There is something so wrong about that paragraph. Let’s see, we’ve got cruelty to both cats, dogs, and humans. And we’ve got a young boy who is seemingly curious about such cruelty in the name of science and reason and logic.

Not meaning to be dense, but what do you think is meant by “wondrous observant” and “often stared unmoving at a wall”? Do you think this reveals anything about his psychological state? I just know that it’s not natural or quite normal for humans to act in this way.

Octavian is revealing in many different episodes (all detailed of course) how he “began to ponder the mystery” of who he was “and what that might mean.” (24)

We’ve got his teachers/owners. We’ve got his mother (and her suitors). We’ve got his fellow-slave, Bono.

Any ideas on what is up with Octavian wanting to crawl inside the monster’s bones (head) and why he felt at home there and in fact wanted to sleep within the bones of this “dragon.” That section creeped me out a bit. I know it must be “symbolic” because it screams of something a teacher would want their students to write essay questions on, etc. But I’m clueless at this point just what Anderson was trying to convey. Want to share your thoughts/ideas on the subject?

What did you think of Octavian’s golden platter? Was that not weird? This is just another example of how odd he’s being raised…and how odd he is that he thinks this is normal.

More examples of the writing:

A man in a topiary maze cannot judge of the twistings and turnings, and which avenue might lead him to the heart; while one who stands above, on some pleasant prospect, looking down upon the labyrinth, is reduced to watching the bewildered circumnavigations of the tiny victim through obvious coils–as the gods, perhaps, looked down on besieged and blood-sprayed Troy from the safety of their couches, and thought mortals weak and foolish while they themselves reclined in comfort, and had only to snap to call Ganymede to their side with nectar decanted. (37)
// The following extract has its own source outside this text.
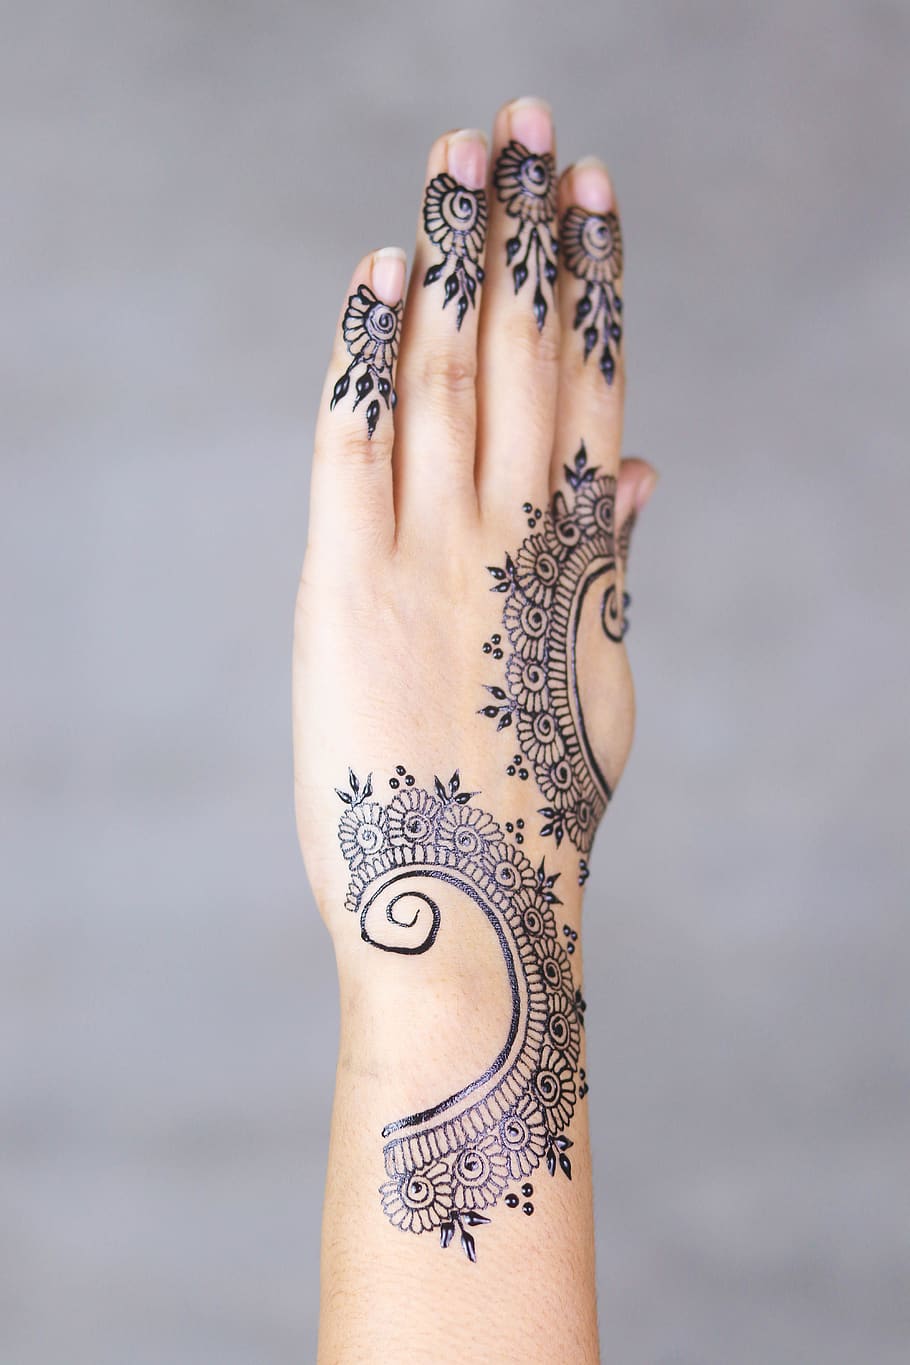 hena, mãos, padrão, feminino, palmas das mãos, projeto, decoração, arte, indiano, étnica

Aren’t YOU glad you don’t have to diagram that sentence? See this is dripping in detail…but almost all of it is irrelevant to moving the plot forward. That’s not quite true. It leads to this sentence with an actual point:

“So I, now, with the vantage of years, am sensible of my foolishness, my blindness, as a child. I cannot think of my blunders without a shriveling of the inward parts–not merely the dessication attendant on shame, but also the aggravation of remorse that I did not demand more explanation, that I did not sooner take my mother by the hand, and–I do not know what I regret. I sit with my pen, and cannot find an end to that sentence.” (37-38)

There is a poetic complexity to the literary style in this one that creates a barrier (though not insurmountable) between the reader and the book. How many books do you typically read that use the phrase “shriveling of the inward parts”?

One of the passages I loved most in this first section was the conversation between mother-and-son…he has asked her to sing him songs from her native country, from her childhood/past…so that he can then in turn teach them to the curious white men studying them. She is unwilling and she quotes the Psalm…”By the rivers of Babylon, we sat down and wept…” I thought this was a very moving scene and one of the more reader-friendly symbolic passages. (65-66)

“Shed no tear for me; for I shed none for myself.” (67)

What do you think he means here? Why do you think this realization of his condition took so long for him to grasp? He seems extremely slow to process the fact that he is a slave. That he is owned by another human being. That he is property. That he is powerless to act on his own.

Do you think his mother’s observations are true: “He has never been a child…and I see no reason he should begin now.” (91)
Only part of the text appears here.